I want to scream but nothing comes out.
I want to cry but there aren't any tears left.
I want to hit the wall but I've already fractured my hand.
All I want to do is run to him.
But what do you do when the one person you want to run to is the one you're running from?
I just don't know what to do. I love him with everything that's in me but the jealousy is eating me alive. This girl has done nothing to me but I want to kill her for whatever way that she looked at him that made him fall for her. Because I could never make him see me the way he sees her.
I can't be near him right now. I can't handle seeing the look in his eyes that used to be because of me. I can't deal with the thought of him and her together. The way we were once upon a time. The way I hoped we'd always somehow be. Stupid girl, I should have known.
It's not her fault, and I know that.

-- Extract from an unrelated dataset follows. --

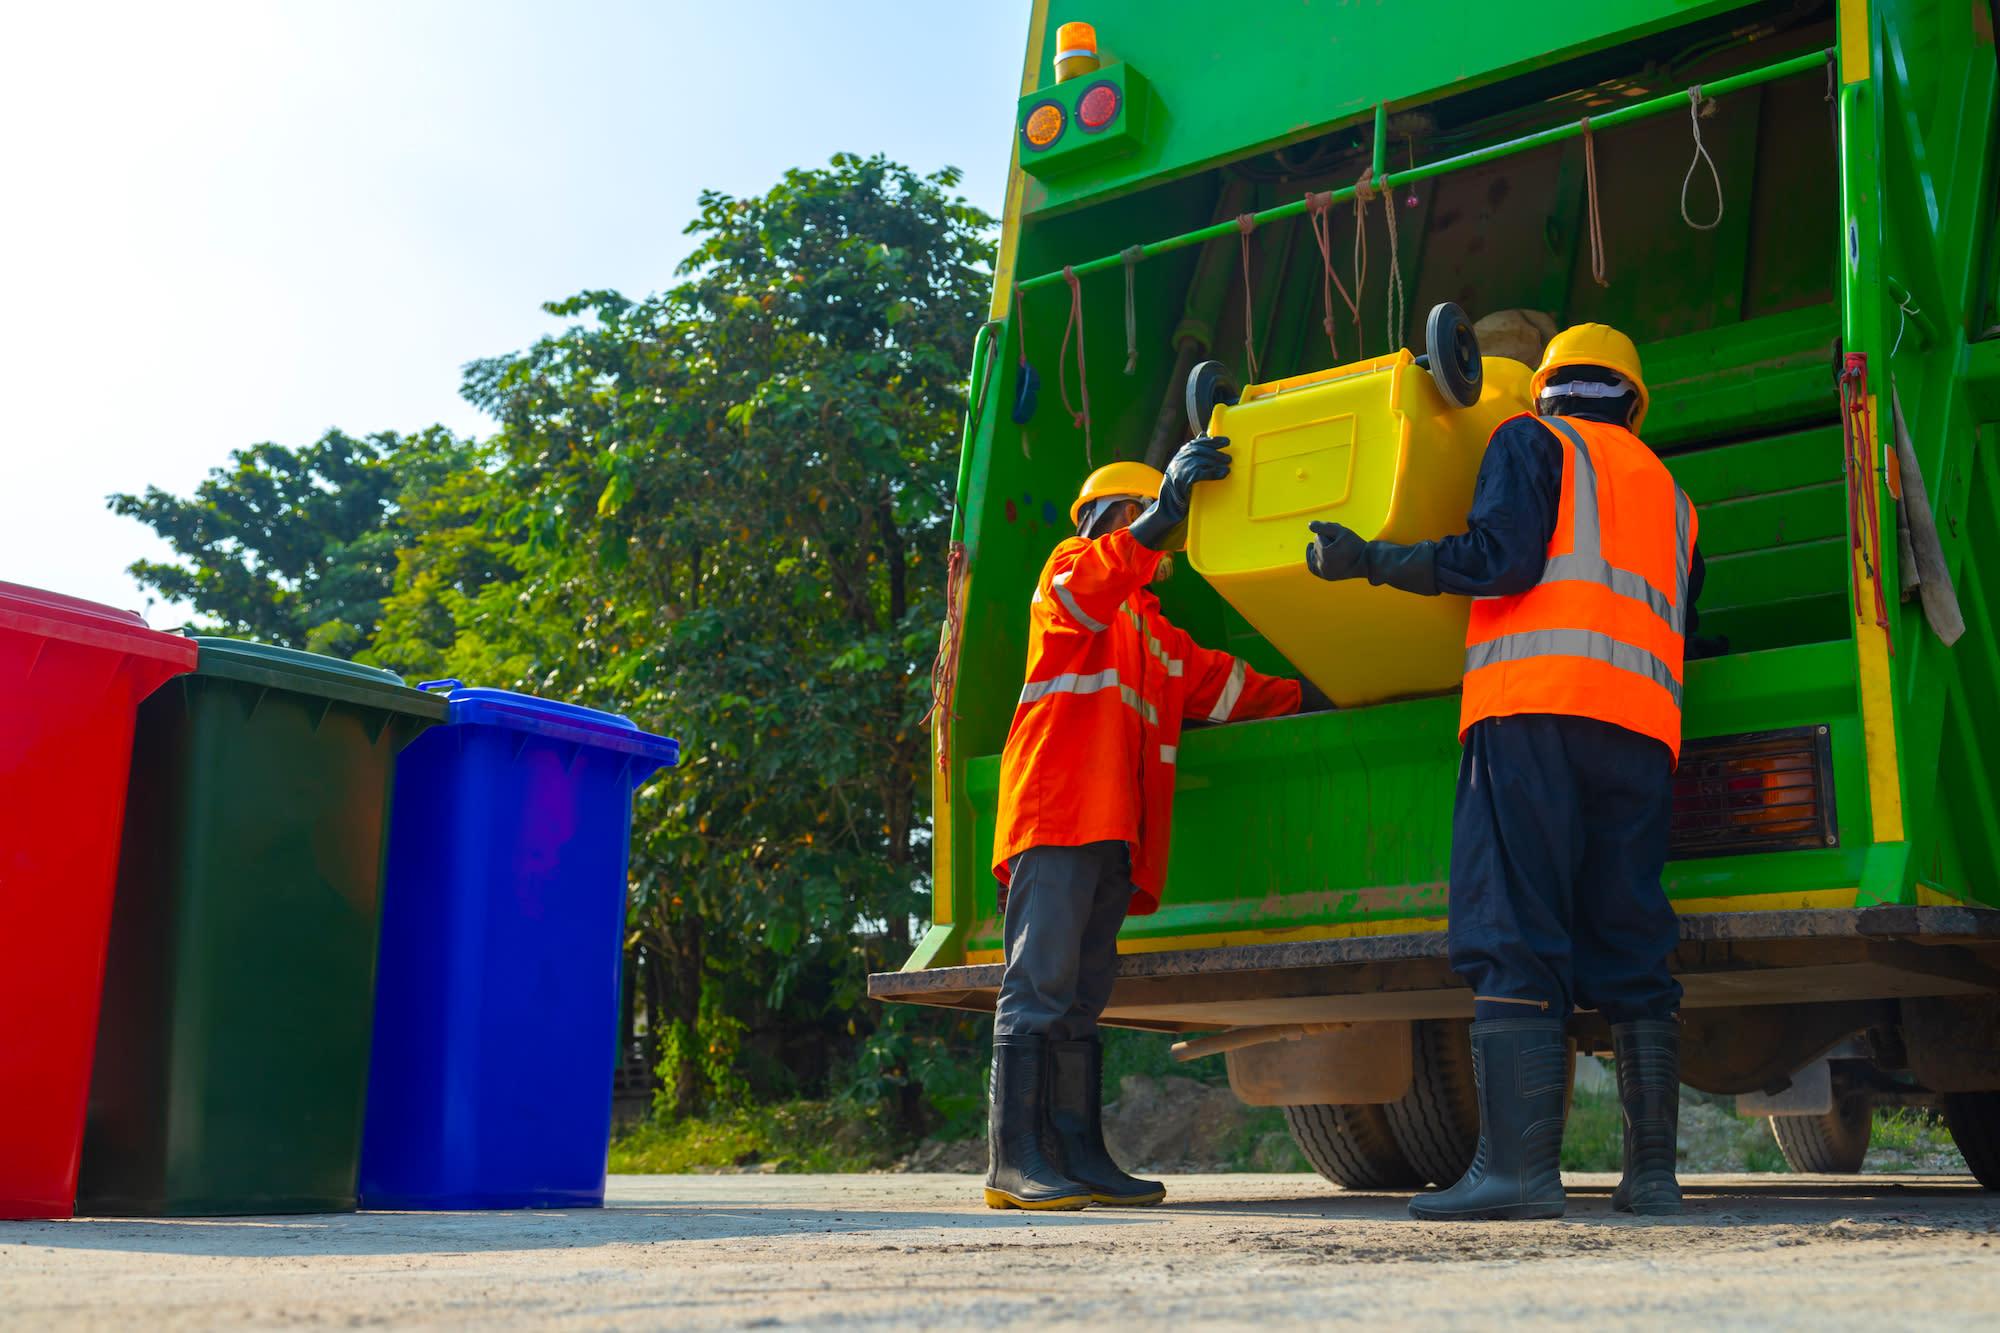 Incoming economic data may be 'garbage': Morning Brief

But it doesn't make it stop hurting that I wasn't good enough.
He's always been here for me through the hard times, and now I'm facing this one on my own. I feel as though I've lost him even though I know that isn't true. He kissed my forehead and told me he loved me. Told me not to take forever. He wouldn't say goodbye.
It's not goodbye.
Maybe this is what I need? Or maybe this will kill me. I've already had to stop myself from calling him crying upwards of 20 times. It's like a baby learning to self-pacify. I just sleep all the time. It doesn't hurt anymore when I'm sleeping.
My phone background reads: "be strong". I'm not so sure I'm capable of that yet. I am learning.
If you ever read this: I love you, Alexander. You aren't just a friend. You are my family. I promise you that I'll be back one day. I just don't know how long that this will take. Or if you'll even still want me when I return.